Mendel First Law, Law of Segregation
• The Law of Segregation states that every
individual possesses a pair of alleles (assuming
diploidy) for any particular trait and that each
parent passes a randomly selected copy (allele) of
only one of these to its offspring. The offspring
then receives its own pair of alleles for that trait.
Whichever of the two alleles in the offspring is
dominant determines how the offspring expresses
that trait (e.g. the color of a plant, the color of an
animal's fur, the color of a person eyes).

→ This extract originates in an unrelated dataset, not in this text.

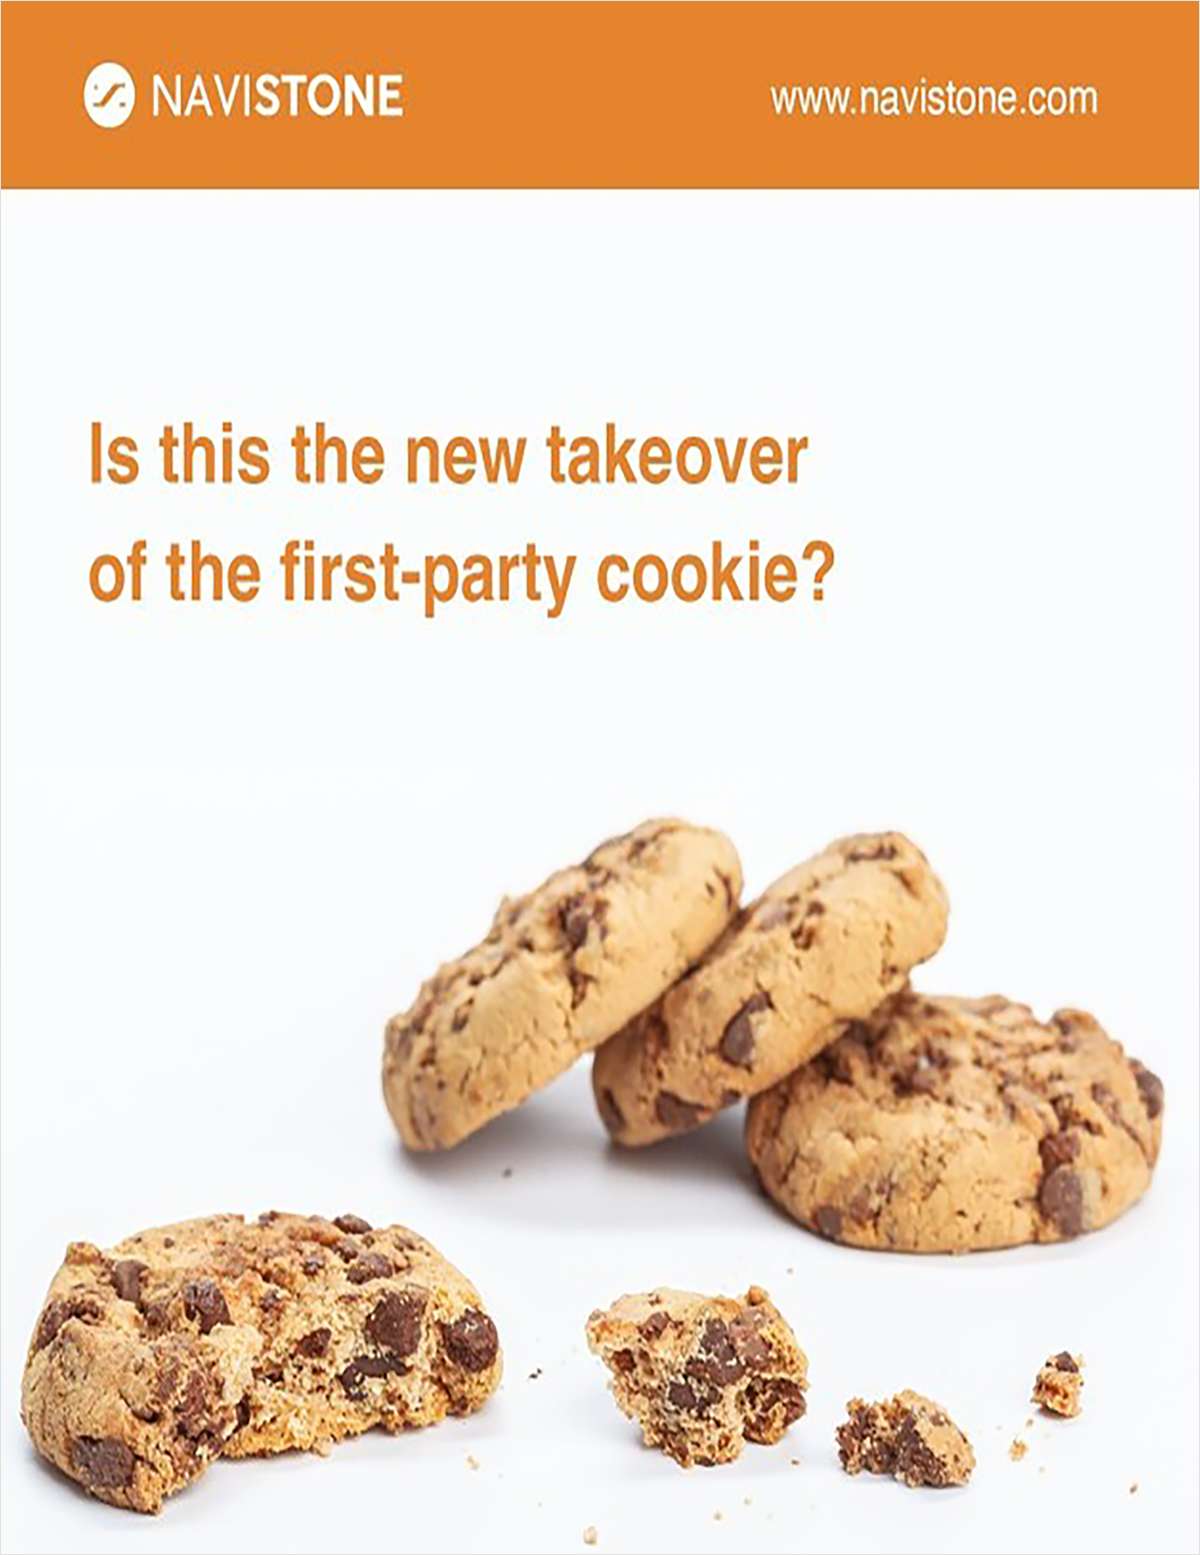 Retargeting Without Third Party Cookies

Law of Independent Assortment
(The "Second Law")
• The Law of Independent Assortment, also
known as "Inheritance Law", states that
separate genes for separate traits are passed
independently of one another from parents to
offspring. That is, the biological selection of a
particular gene in the gene pair for one trait to
be passed to the offspring has nothing to do
with the selection of the gene for any other
trait.
Mendel 2
• Mendel's conclusions were largely ignored. Although
they were not completely unknown to biologists of the
time, they were not seen as generally applicable, even
by Mendel himself, who thought they only applied to
certain categories of species or traits. A major block to
understanding their significance was the importance
attached by 19th-century biologists to the
apparent blending of inherited traits in the overall
appearance of the progeny, now known to be due to
multigene interactions, in contrast to the organ-specific
binary characters studied by Mendel
• later work by biologists and statisticians such as R.A,
Fisher showed that if multiple Mendelian factors were
involved in the expression of an individual trait, they
could produce the diverse results observed
Fruit Flies
The D. melanogaster lifespan is about 30 days at 29 °C (84 °F).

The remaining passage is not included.